● **WORK REQUEST**: Your output should be exactly the lines from the one containing "Beard Oil For" through the last line of the listing, and nothing else. Pictures stay out.
___ INFORMATION SUPPLIED ___
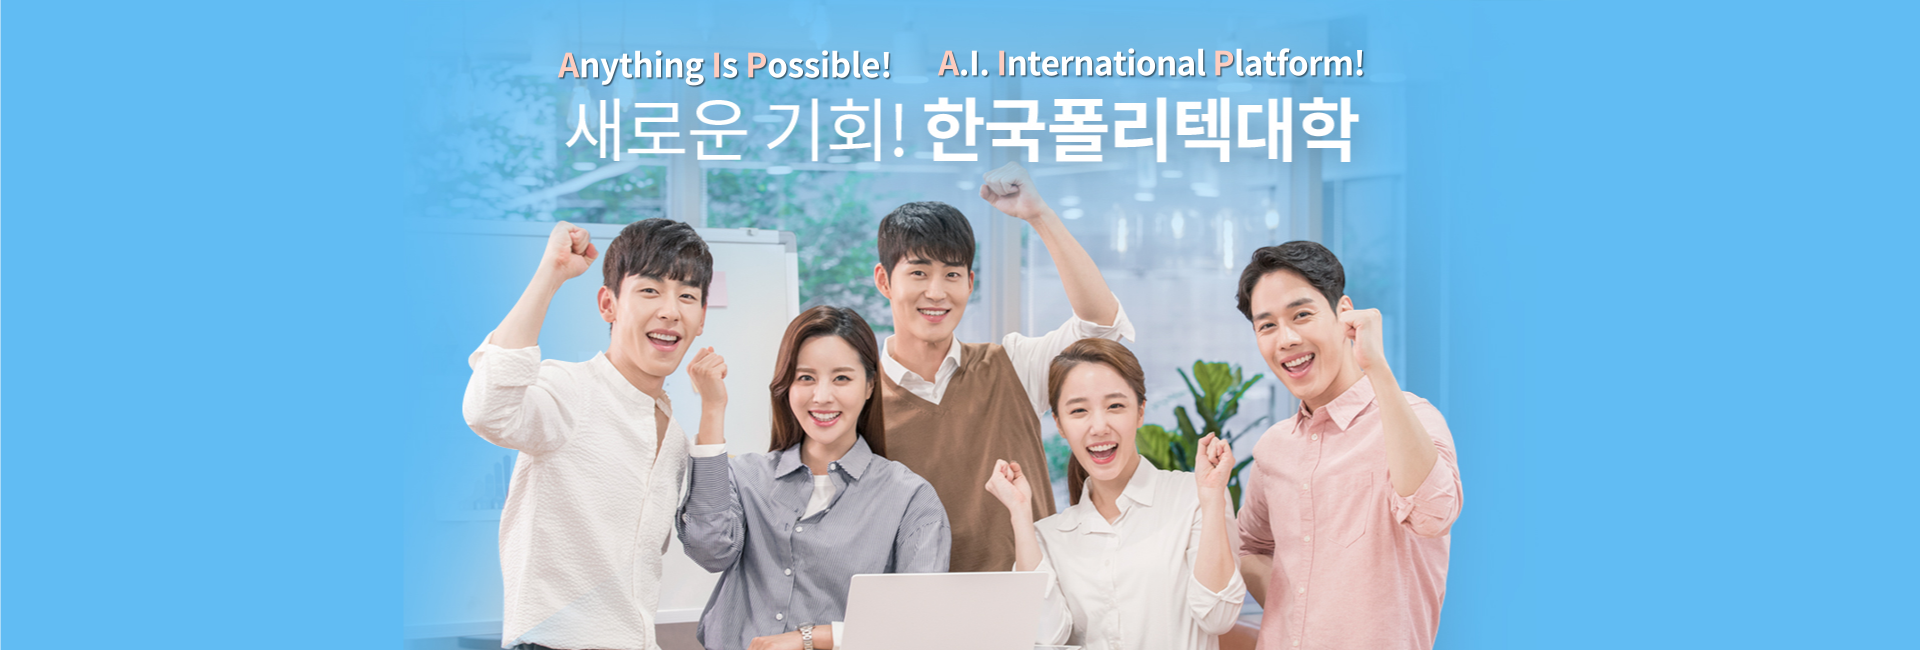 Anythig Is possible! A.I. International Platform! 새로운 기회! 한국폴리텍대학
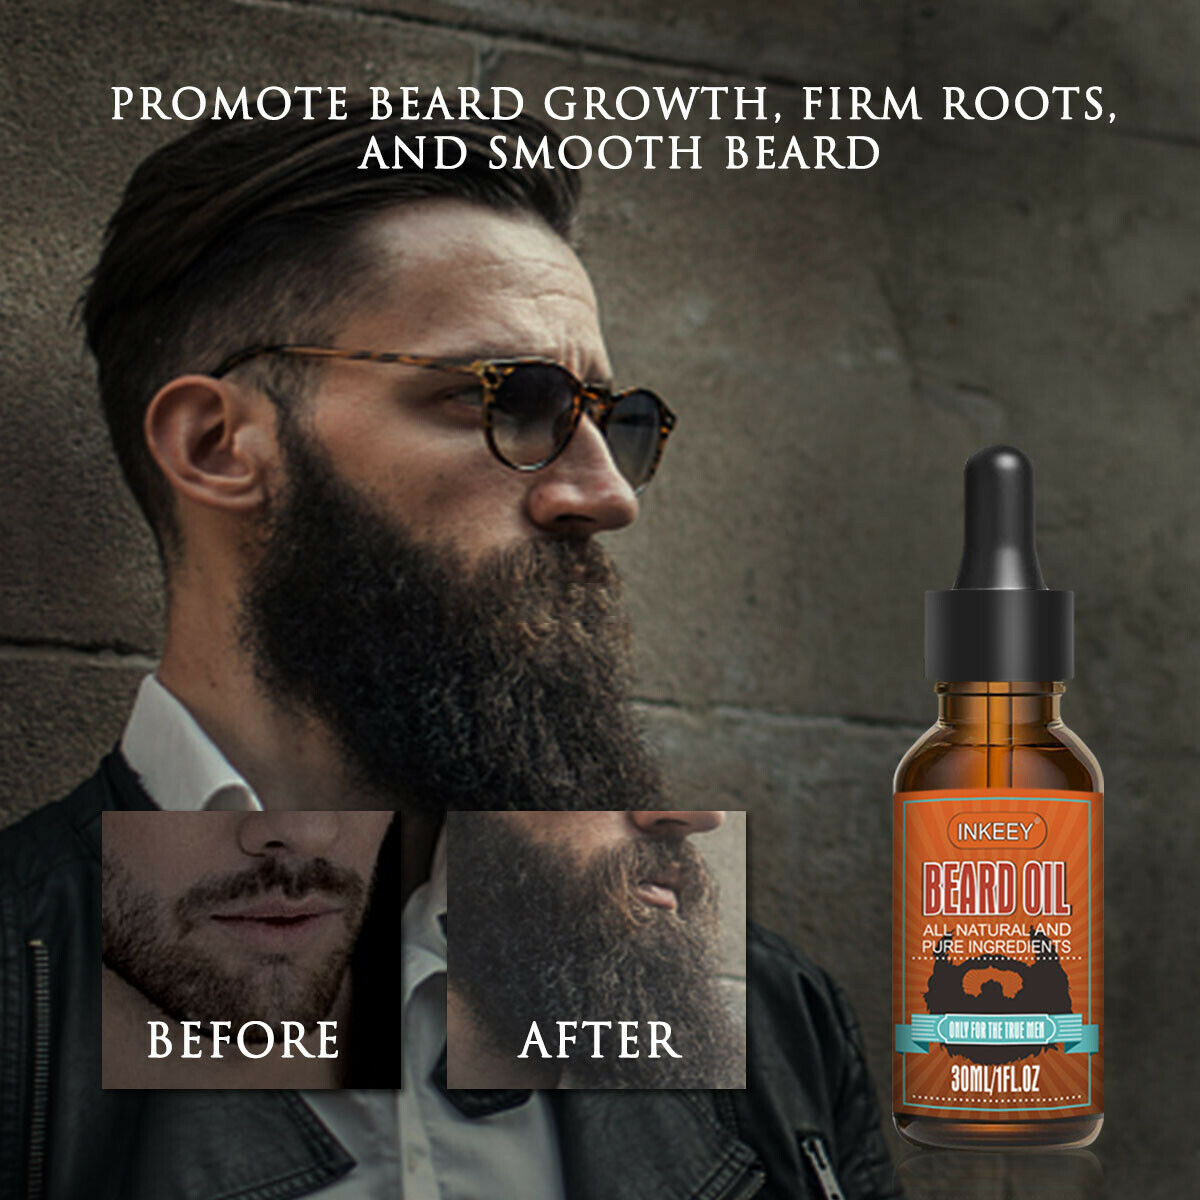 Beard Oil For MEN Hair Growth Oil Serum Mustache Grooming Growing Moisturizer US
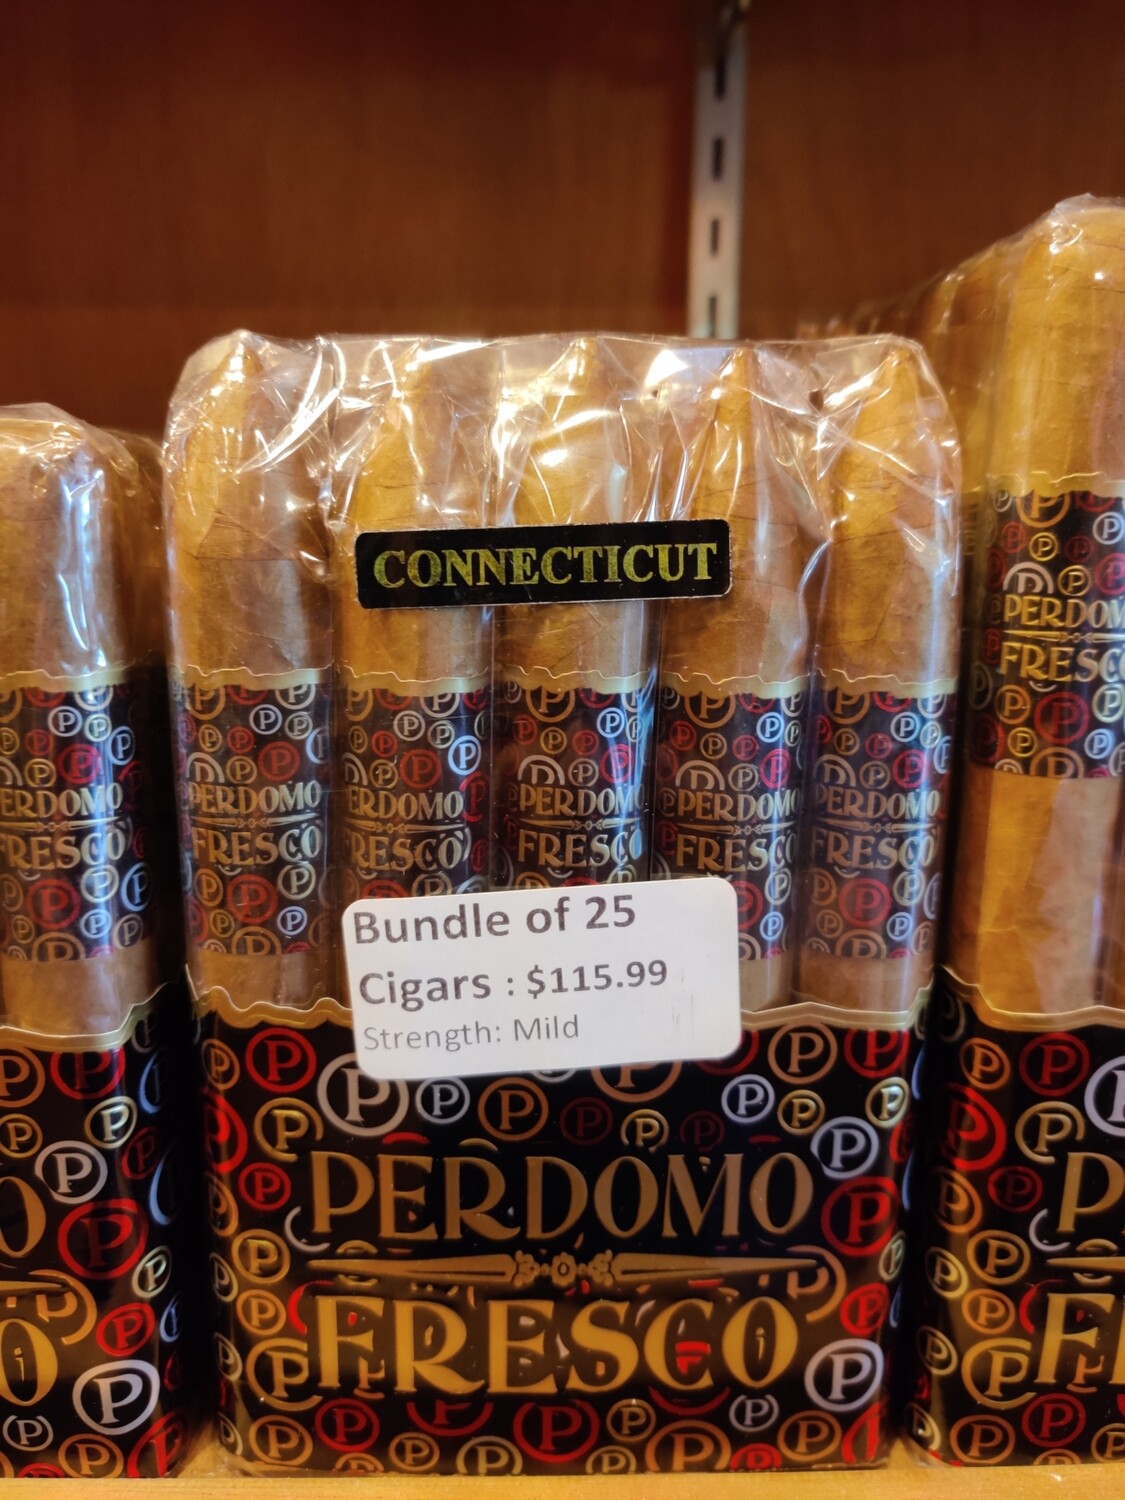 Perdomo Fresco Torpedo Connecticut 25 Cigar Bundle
___
● **EXERCISE ANSWER**:
 Beard Oil For MEN Hair Growth Oil Serum Mustache Grooming Growing Moisturizer US
 Perdomo Fresco Torpedo Connecticut 25 Cigar Bundle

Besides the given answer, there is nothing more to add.